BTW, 13 mo. is too young to potty train IMO. She does not yet have the ability to control those muscles. She may want to do it to please you but it is pretty much impossible for her and may at times be frustrating.


----------



## myhoneyswife (Apr 30, 2005)

Quote:


Originally Posted by *Gitti* 
BTW, 13 mo. is too young to potty train IMO. She does not yet have the ability to control those muscles. She may want to do it to please you but it is pretty much impossible for her and may at times be frustrating.
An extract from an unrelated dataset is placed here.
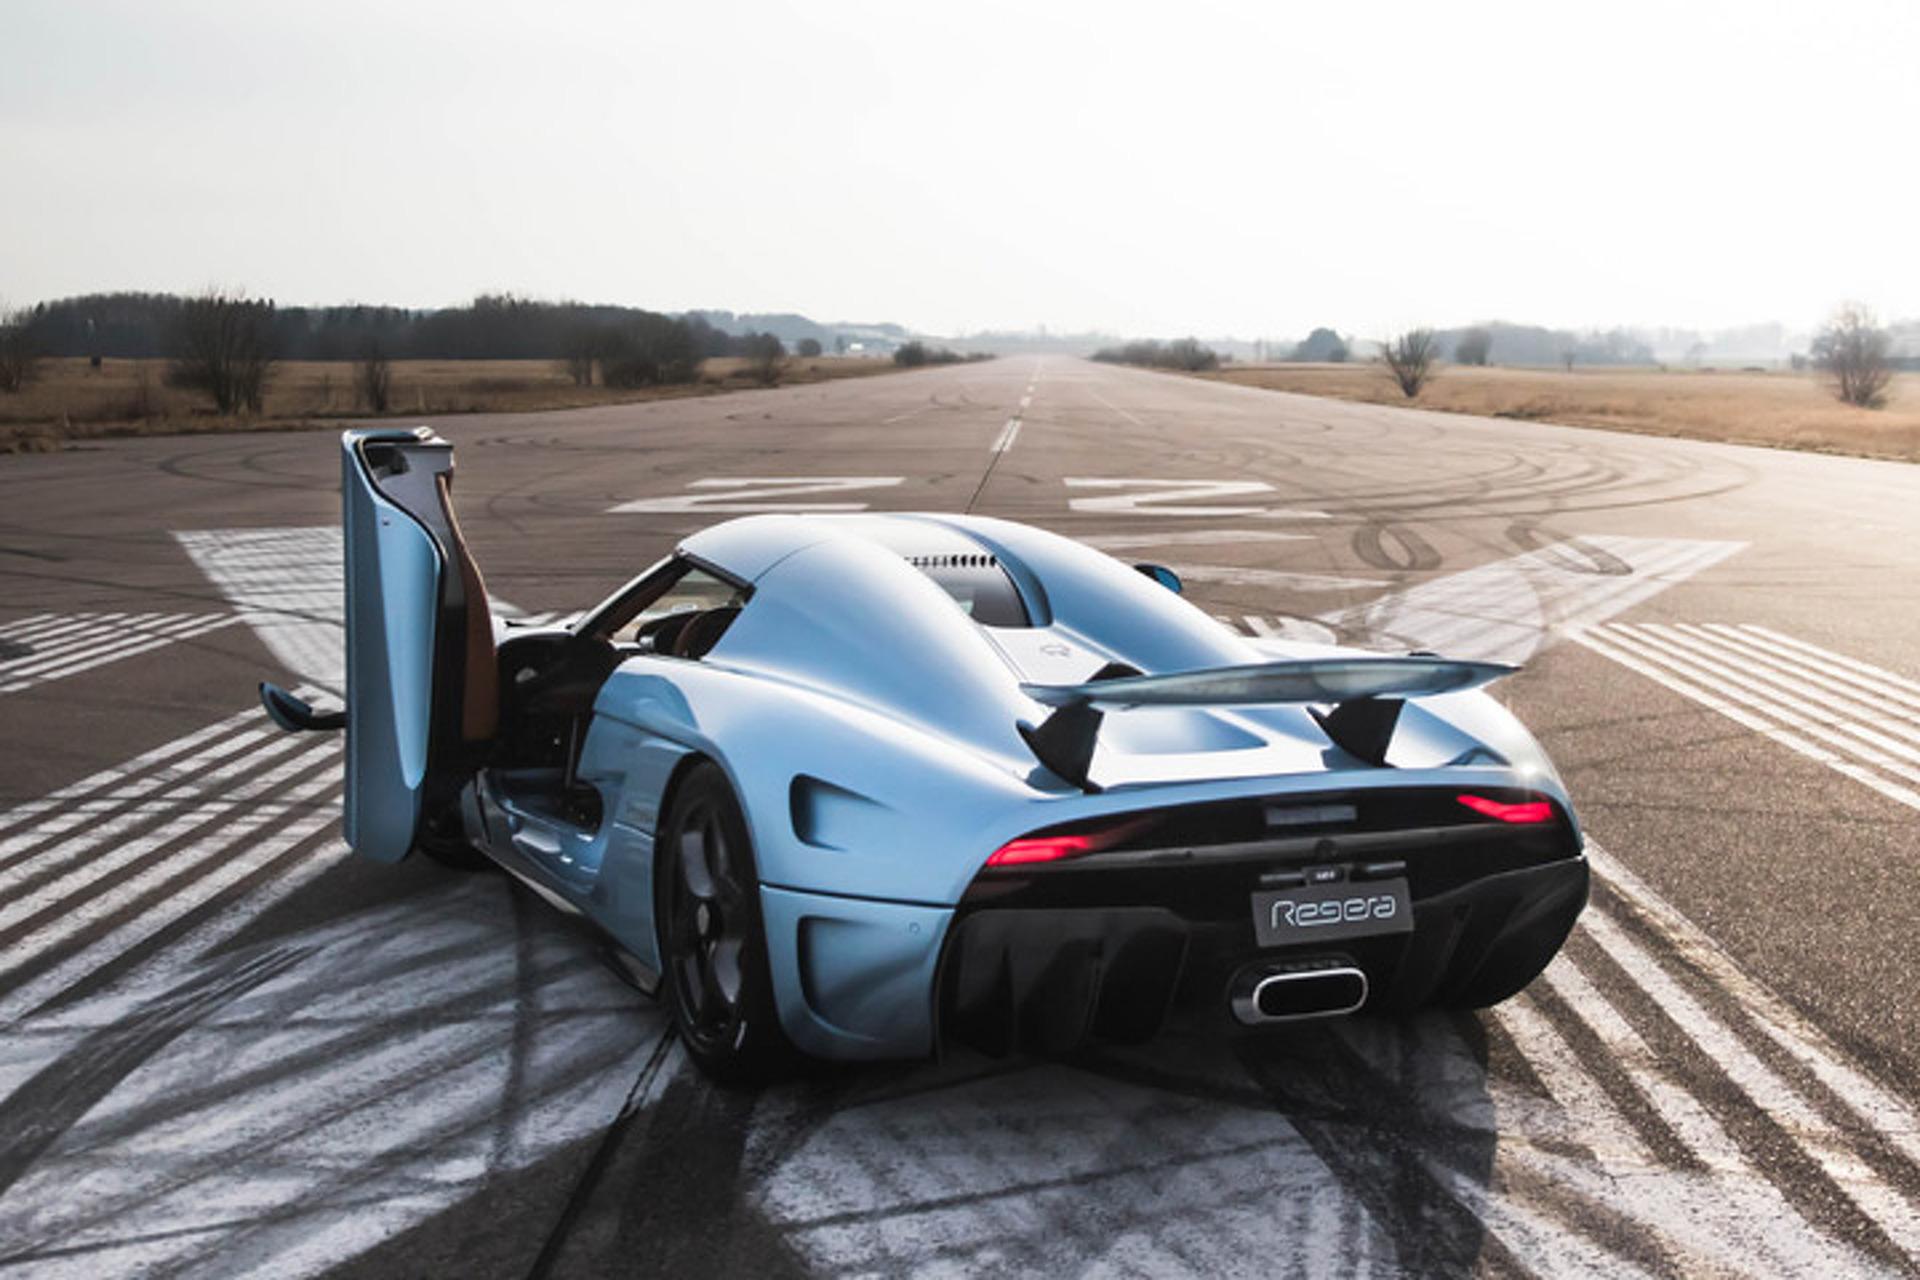 The 1,500HP Koenigsegg Regera Hypercar Gets a $2.3 Million Price Tag

Might want to check out the EC area here (it's down in the Diapering forums). Guess what people do in countries where they don't have access to sposies or amazing stashes of cloth diapers ?


----------



## 1babysmom (May 22, 2006)

Yeah, we're not potty training...and I'm definately not the only one EC'ing.









Right, she's not vomiting anymore, just the dairrhea. I have been giving her a homemade electrolyte drink (recipe out of Aviva Jill Romm's "Naturally Healthy Babies and Children"), which she seems to be doing well with.


----------



## Gitti (Dec 20, 2003)

Quote:


Originally Posted by *myhoneyswife* 
Guess what people do in countries where they don't have access to sposies or amazing stashes of cloth diapers ?









They train themselves to know approximately when the child will have a bowel movement.

I know, I was born in post war Europe where there were no diapers. We used lots of rags though (to wipe the wooden floor).









Nothing wrong with training yourself. But you can't expect something of a child that the child is incapable of delivering. JMO -


----------



## 1babysmom (May 22, 2006)

But that's why it's EC'ing and not potty training.







:


----------



## kaPOW! (Aug 15, 2006)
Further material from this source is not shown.